A Russian billionaire has enlisted Stephen Hawking to help him launch a futuristic plan for seeking life in outer space.
Still, it’s exciting.
And as Hawking warns in a press statement:
“Earth is a lovely place, but it might not last forever”.
The limit that confronts us now is the great void between us and the stars.
Breakthrough Stars announced that Facebook founder Mark Zuckerberg has joined its board, along with Hawking and Milner, who first met at a physics conference 30 years ago, when Zuckerberg was one year old.
Breakthrough Stars, costing a cool $100 million, aims to build an ultra-light “light sail”, carrying a nanocraft, that can be propelled by lasers and travel at 20% the speed of light. Though nothing has been overheard during the past decades, scientists, now far from being disappointed, are determined to send interstellar fact-finding probes to find alien life forms beyond our solar system.
The tiny aircraft, with ultra-thin light sails, would be accelerated to 20 percent the speed of light by ground-based lasers, boosting them to a cruise velocity of some 59,867km per second within a few minutes. Milner and Hawking, a British astrophysicist, also teamed in 2015 on a 10-year project called the Breakthrough Listen Initiative, which searches for intelligent extraterrestrial life.Instead of sending just one tiny spacecraft, the idea is to send hundreds or thousands – so many could be lost along the way, without the mission’s being useless.
The extremely ambitious space project is expected to reveal deep space secrets and allow us to take pographs of distance worlds for the very first time.

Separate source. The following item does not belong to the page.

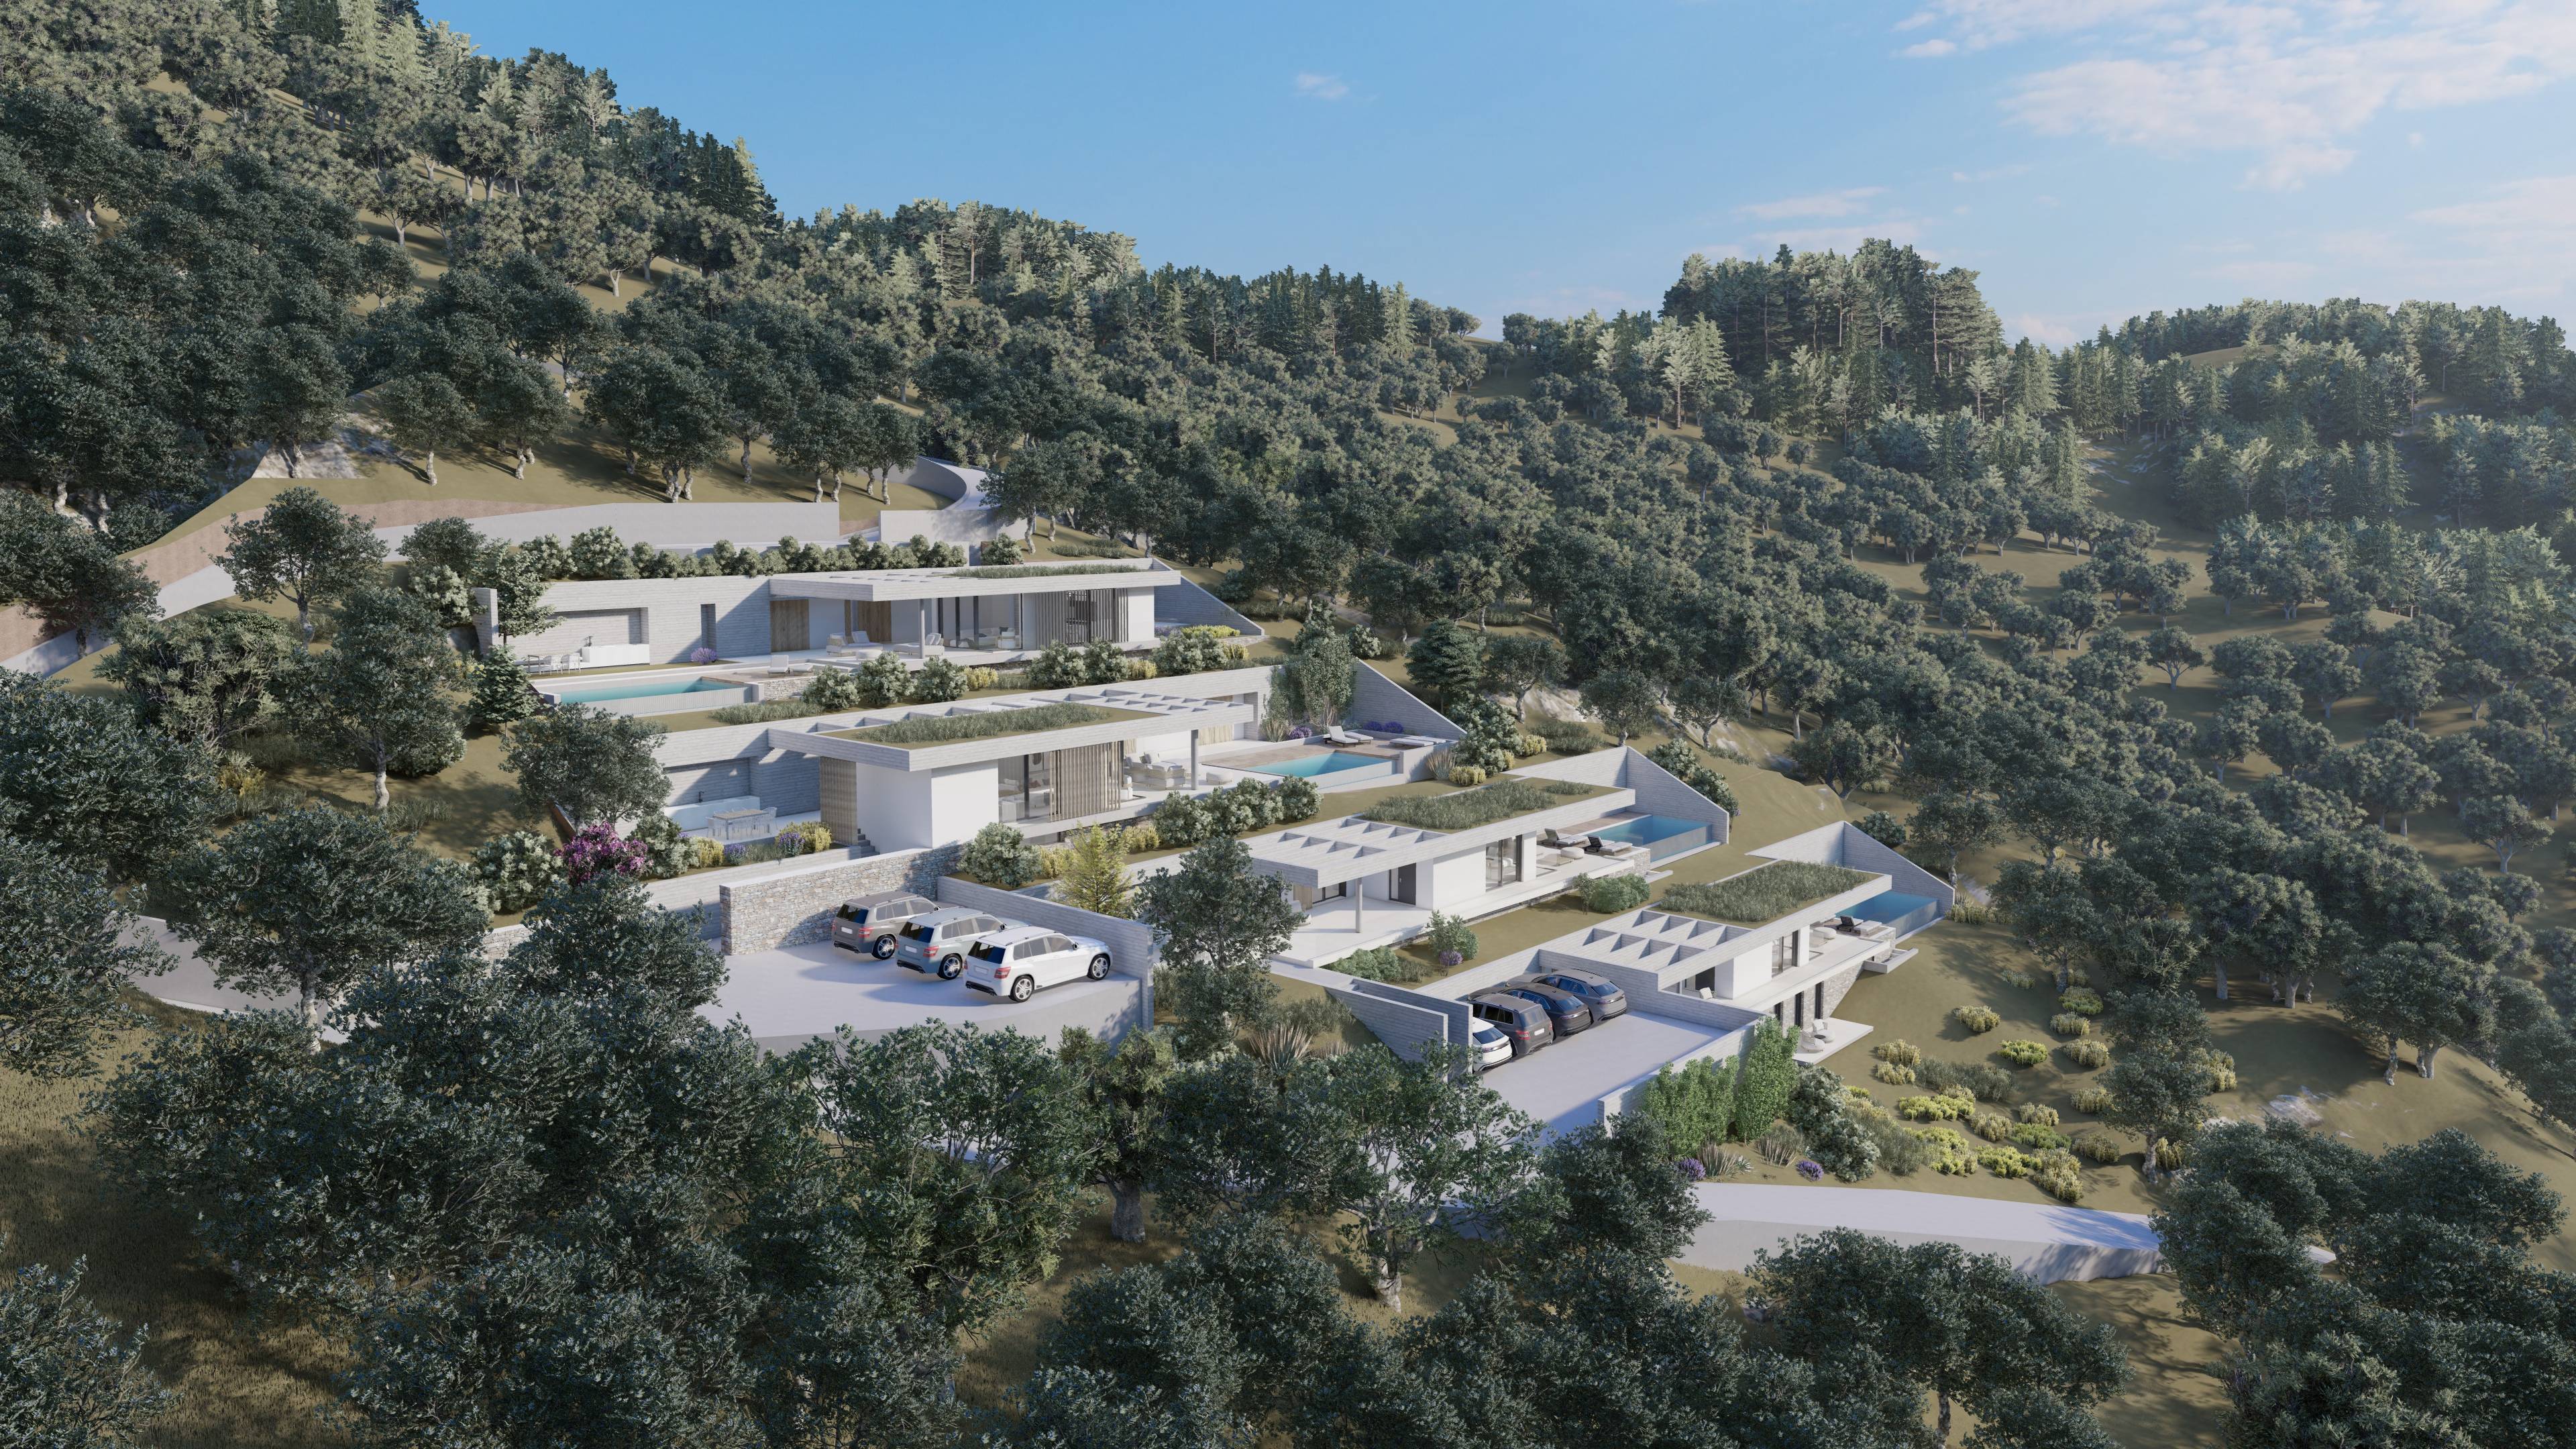 LUXURY MAGIC FOREST RETREAT VILLA VII AMID SKIATHOS’ PRESERVED OLIVE GROVES: PRIME INVESTMENT OPPORTUNITY

The executive director will be Pete Worden, former director of NASA Ames Research Center. “The human story is one of great leaps”, he said.
“The Breakthrough concept is based on technology either already available or likely to be available in the near future”, Milner said. That means it would take around 20,000 years to send a craft like it to Alpha Centauri.”Can we literally reach the stars, and can we do it in our lifetime?”Even after it reaches Alpha Centauri, the team feels that it would take another four years for the spacecraft to collect and beam back information to the earth.